I have gotten acceptance from both Army medical college and Shifa Medical College, but I am confused about which one to finalize. I need opinions and suggestions please. Which college is better and why? College environment or fee isn't an issue alhamdulilah, but i want to know which one of these is better from an education point of view. Points to consider: 1. degree value 2. I am from an a levels background and do plan to give USMLE/MRCP in future. 3. National and International recognition of both colleges. Another point to be noted is that AMC is planning to cancel its affilliation with NUST this year and become a university on its own. Will this have any major impact on its recognition and degree value?


----------



## shane warney

AMC has a pretty much better standard and name not less than any medical college of pakistan and its own university would have good ranking as well! you got as a nustian by the way?


----------



## arfasafet

- - - Updated - - -

as student of shifa i can say this college preps u very well for steps
. awesome seniors and physicians always willing to guide n help...seriously ...since i got in here no regrets bz we learn so much more n efficiently but Amc is better 
for now if u r competent enough u can do steps from ny where


----------



## Shehroz

Any one with merit 80 percent above in shifa merit list going shifa?


----------



## Fester

Congratulations to those who for in :tada:


----------



## Fester

*got


----------



## fierce.shaazzi

shane warney said:


> AMC has a pretty much better standard and name not less than any medical college of pakistan and its own university would have good ranking as well! you got as a nustian by the way?

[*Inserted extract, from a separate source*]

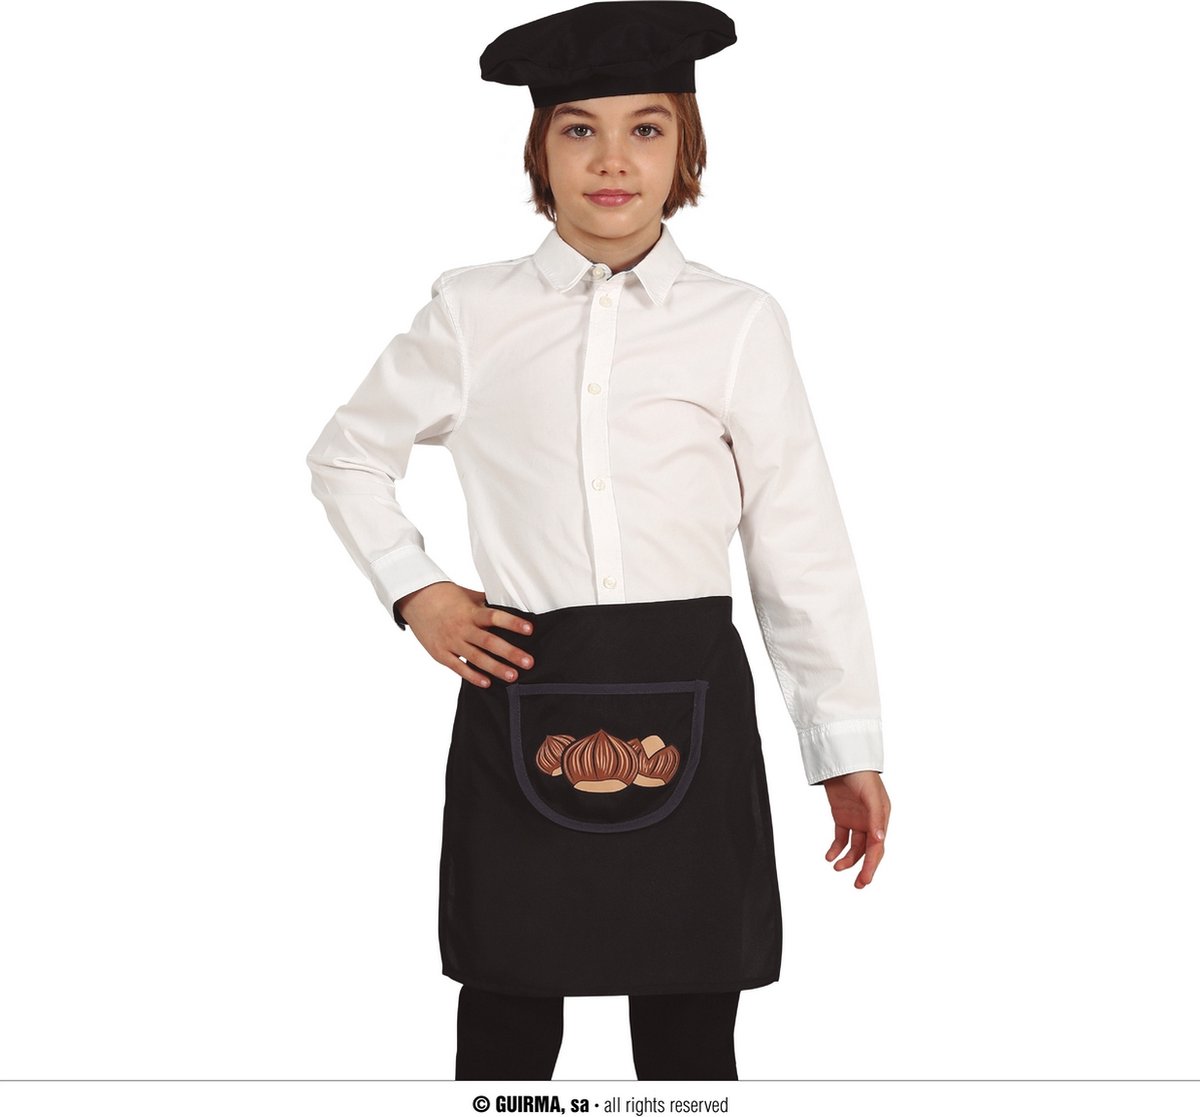 Guirma - Eten & Drinken Kostuum - Nootjes Kraker Chef Kok Schort En Hoed Kind Kostuum - Zwart - Carnavalskleding - Verkleedkleding

Yeah, as nustian, on international seat in AMC and local seat in Shifa Medical College.


----------



## nidarasul

Hope our proffs go well so we can see what we got to do with the new batch


----------



## robab

nidarasul said:


> Hope our proffs go well so we can see what we got to do with the new batch


I hope there won't 've any raging in such a respectable institute..


----------



## Rasim

So, got into Shifa, has any student from shifa ever achieved a position in UHS exams? I cant seem to find a lot of previous record but in 2013 all students were from government colleges. How come that happens when Shifa has a better faculty and studying conditions?


----------



## nidarasul

Rasim said:


> So, got into Shifa, has any student from shifa ever achieved a position in UHS exams? I cant seem to find a lot of previous record but in 2013 all students were from government colleges. How come that happens when Shifa has a better faculty and studying conditions?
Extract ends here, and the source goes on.